### Exercise prompt
The answer is the full listing restated exactly, without any pictures.

━━ Provided material

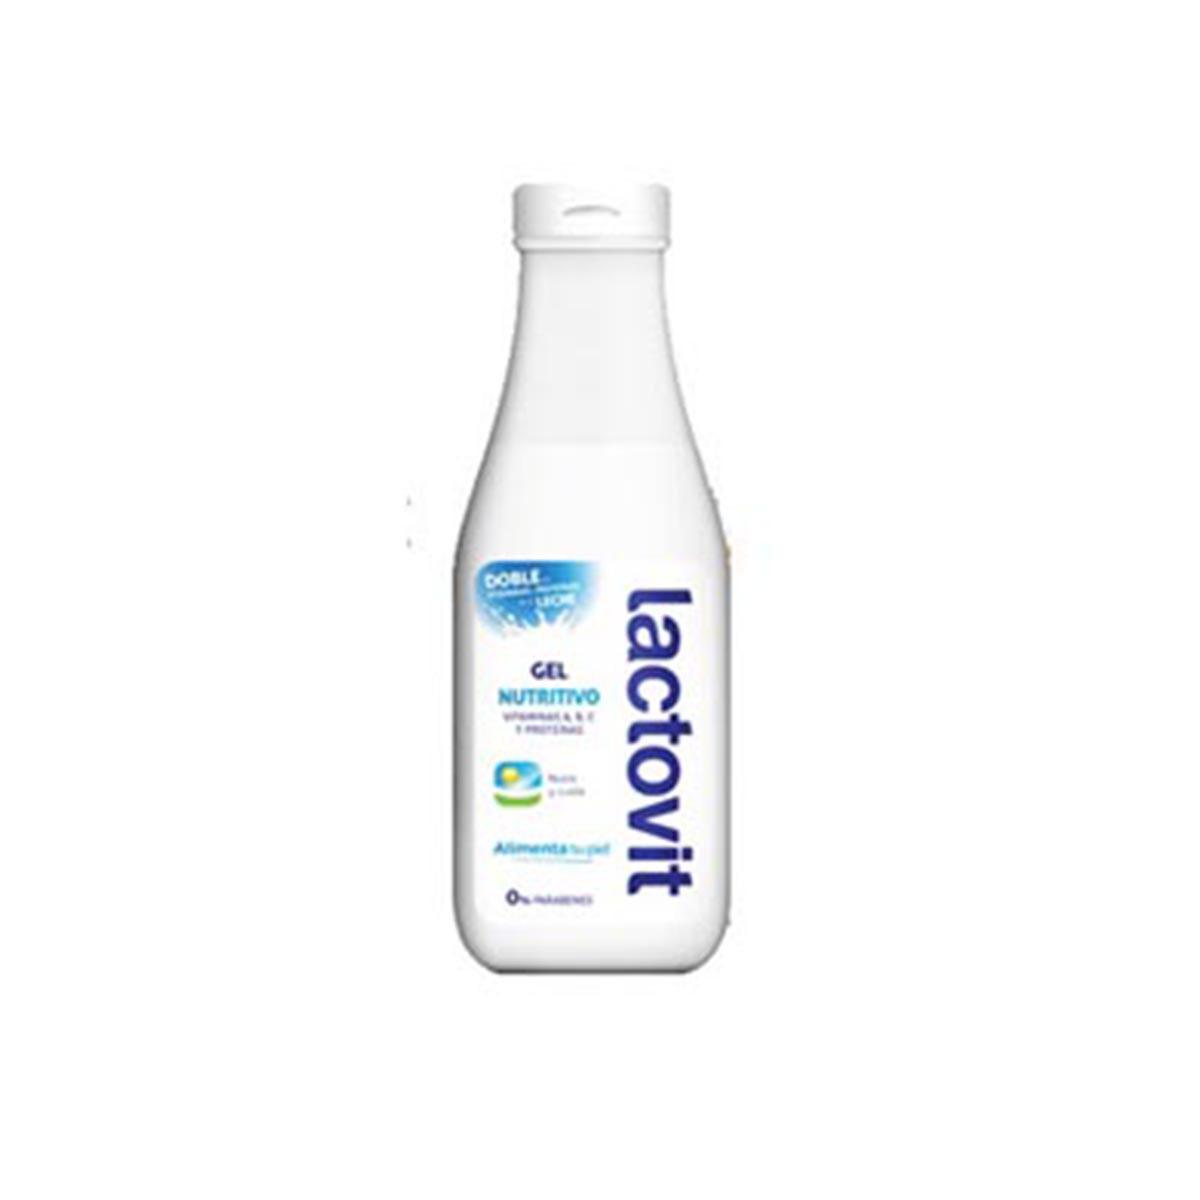 lactovit-shower-gel-nutritive-600ml-120ml
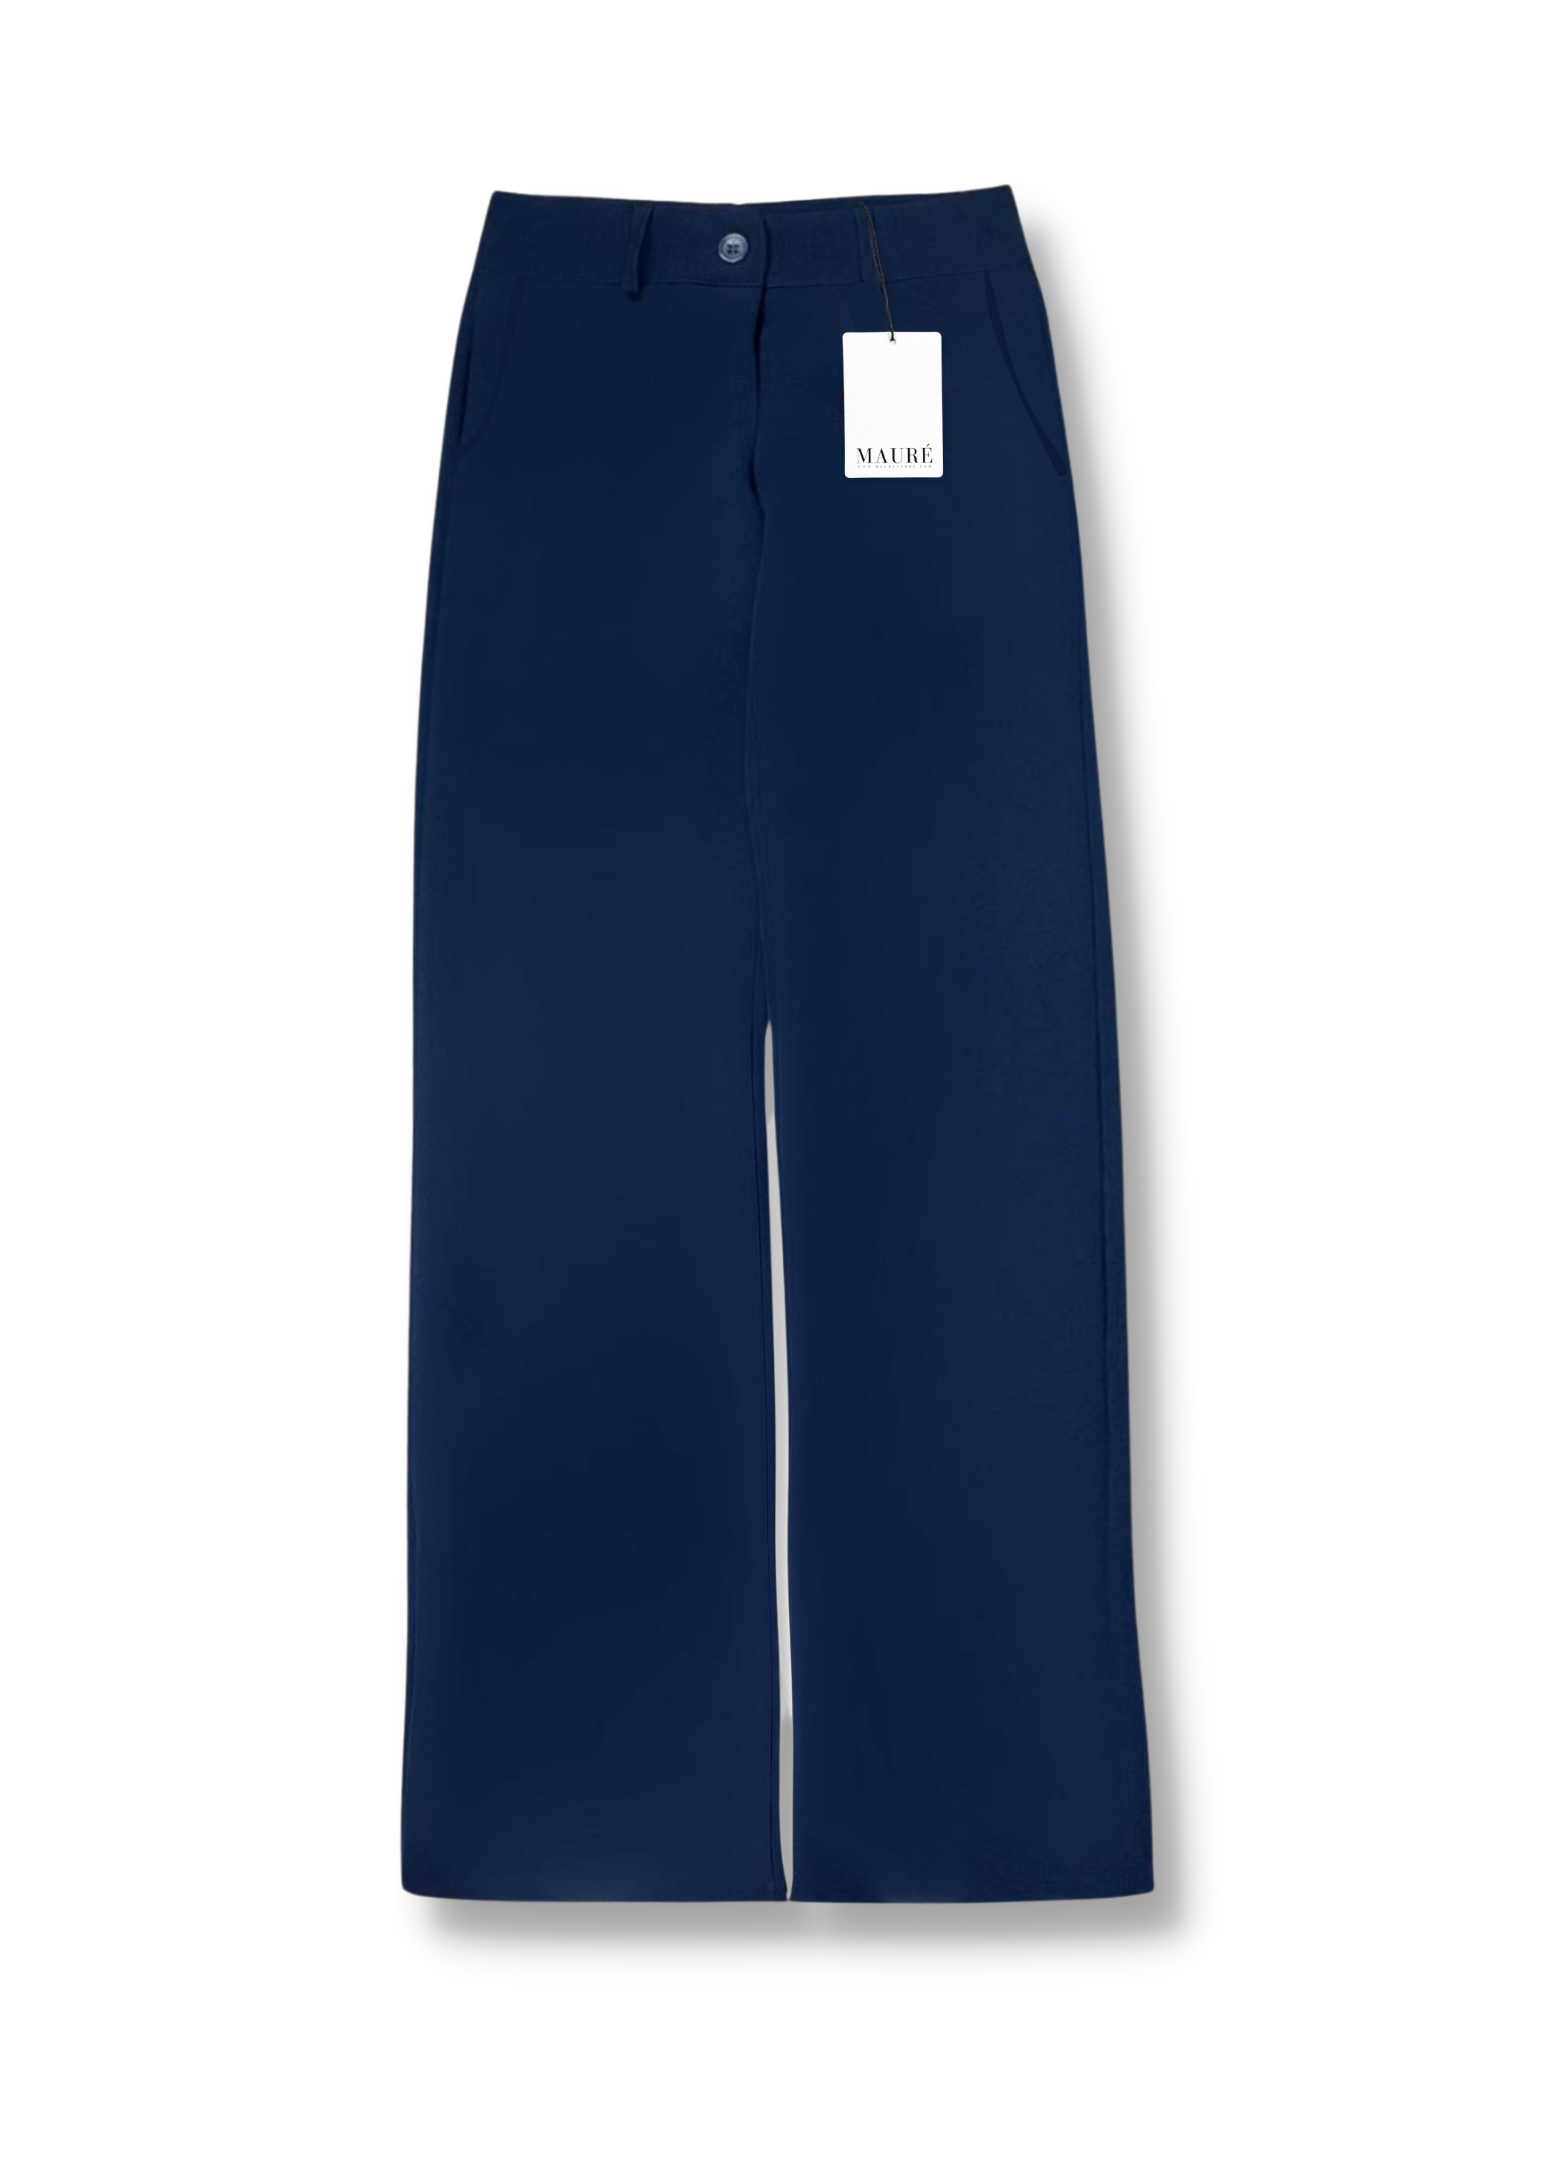 Pantalon droit taille basse/mi casual bleu nuit (TALL)
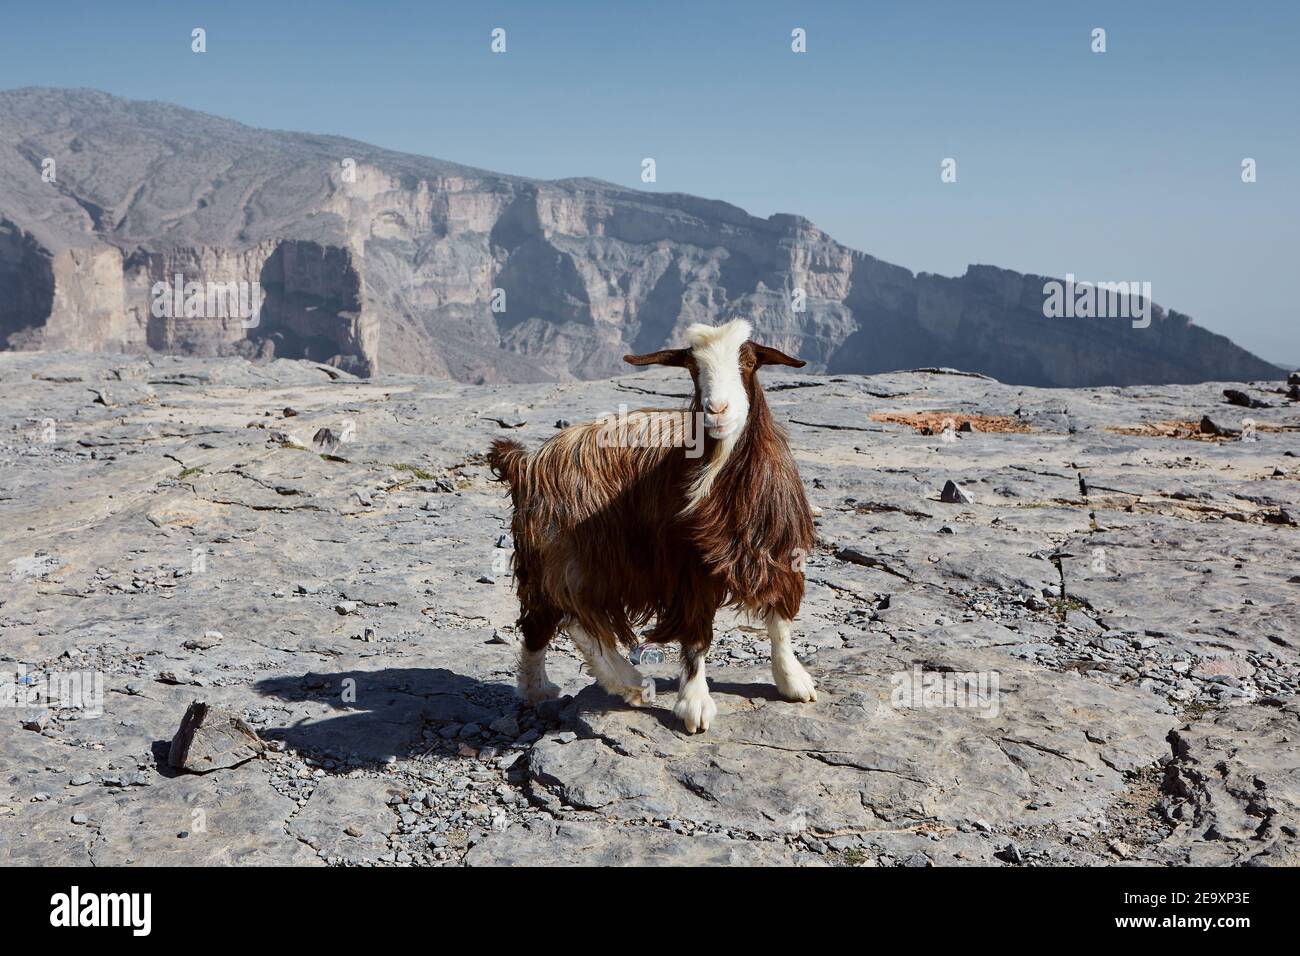 Curieux chèvre regardant l'appareil photo contre le canyon de montagne. Jebel Shams en Oman Banque D'Images
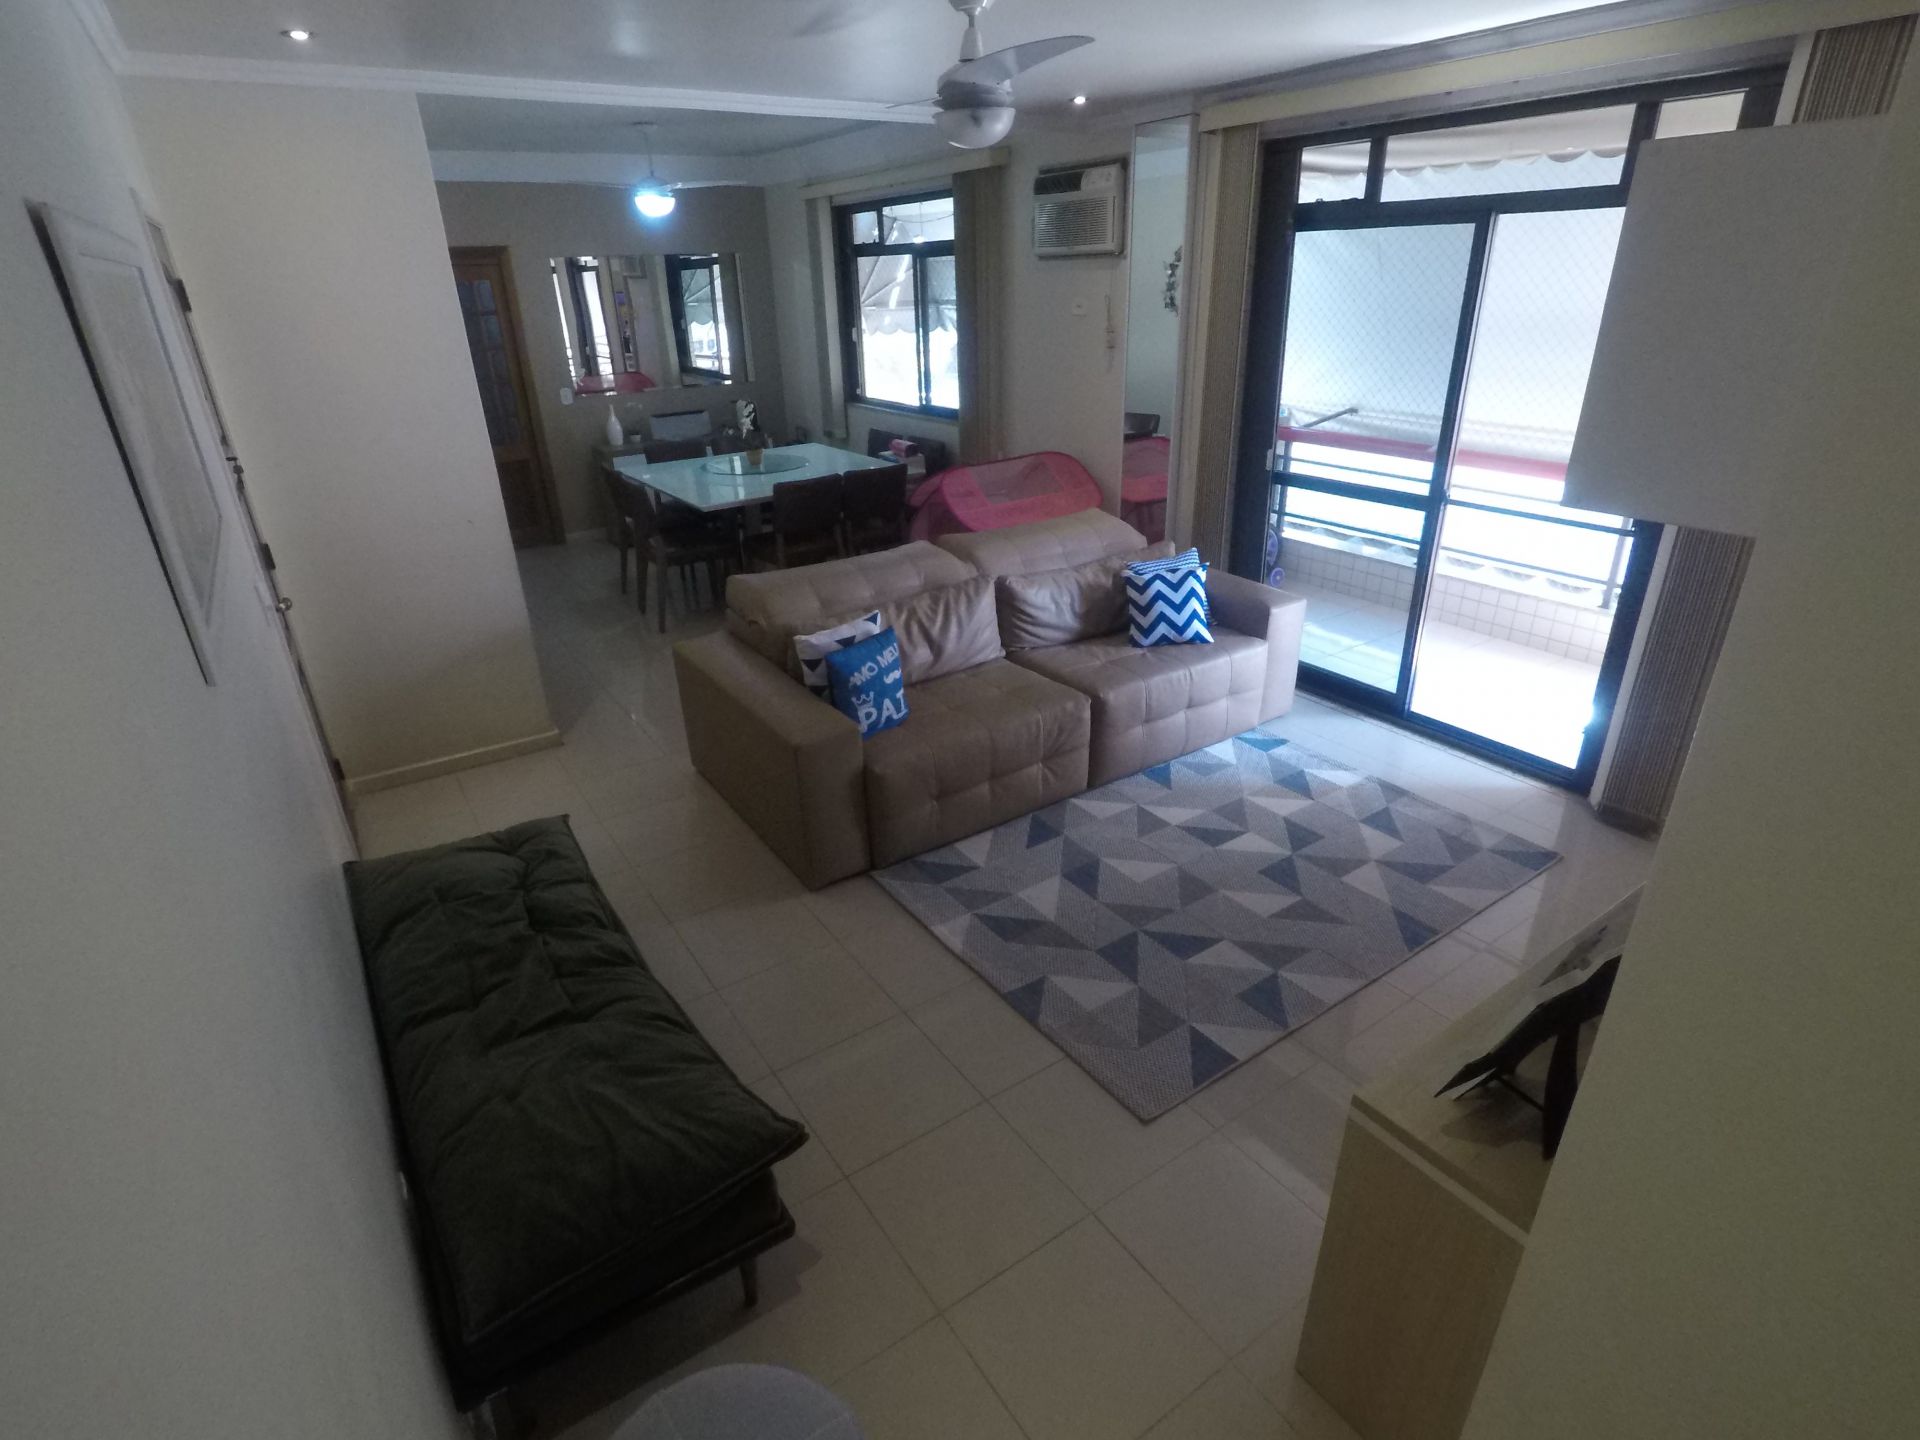 FOTO 1 - Apartamento 2 quartos à venda Vila Valqueire, Rio de Janeiro - R$ 620.000 - RF176 - 1

━━━━

### Exercise solution
 lactovit-shower-gel-nutritive-600ml-120ml
 Pantalon droit taille basse/mi casual bleu nuit (TALL)
 Curieux chèvre regardant l'appareil photo contre le canyon de montagne. Jebel Shams en Oman Banque D'Images
 FOTO 1 - Apartamento 2 quartos à venda Vila Valqueire, Rio de Janeiro - R$ 620.000 - RF176 - 1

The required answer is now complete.